OW: On your way to success, I’m sure that there have been ups and downs. What do you learn from these moments?

LM: You always have to push forward. People only see the success, and that’s mainly what I hear. If we go back to the pandemic, the National Children’s Chorus was an outlier. We expanded during the pandemic. 2020 was a record year for us, but that didn’t come easily.

We had to rethink as a team, how we were to pivot into an online educational program that’s good over Zoom and will be so good that people will not quit.

And that brought us the highest enrollment that we ever had.
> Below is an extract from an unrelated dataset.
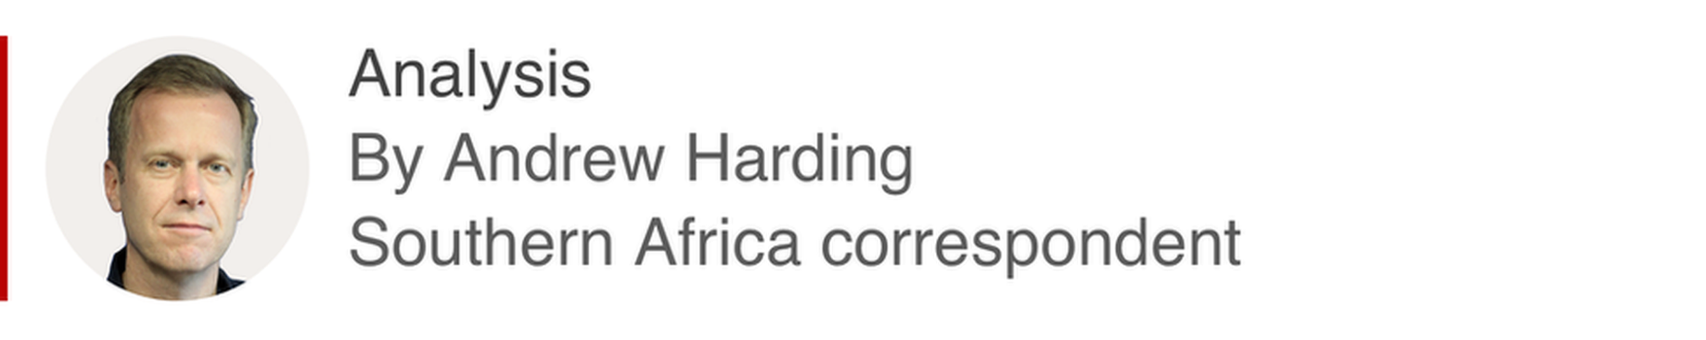 Анализатор Эндрю Хардинга, корреспондента из Южной Африки

During that time, we specifically created content that we knew could be delivered over Zoom. We designed every class to go in an exact way that we felt was going to engage the students and make them feel seen and heard during the pandemic. We also rolled it out in a manner that was extremely organized and very focused, and focused specifically on the present moment, because the program could not bemoan the loss of our live performances of the past, and the program could not talk about the future because no one knew how long it was going to take.

All we had to do was focus on the present in every class. During that entire journey of the pandemic, even though now we can look back and say it was a success, it was terrifying.

I know there are some moments where you wonder or you question, maybe something could go wrong. Every decision you make will have its little impact. But my goodness, the pandemic, it threatened our very existence. It threatened everything we had worked for. No matter how cheerful all of the instructors and all of our staff were online, in making our presentation to the students, there was a deep sense of fear of what was going to happen. Those realities loomed daily for at least two years.

But I credit our team because we stuck together and we were very focused on the way that we were going to proceed with this and the way that we’re going to deliver the programming to the students.
And it worked.

Families were really happy, and students are really happy. We also did a record number of commissions during the pandemic. We commissioned composers from underrepresented voices from around the world, and we did the most world premieres we’ve ever done in our virtual choir music videos. Even though the students were separated, they were singing brand-new music. So we really dug deep creatively to deliver the most content that we could during that time.

And I do believe it’s our team’s commitment that is what caused our organization to actually not get smaller during the pandemic, but to expand and grow.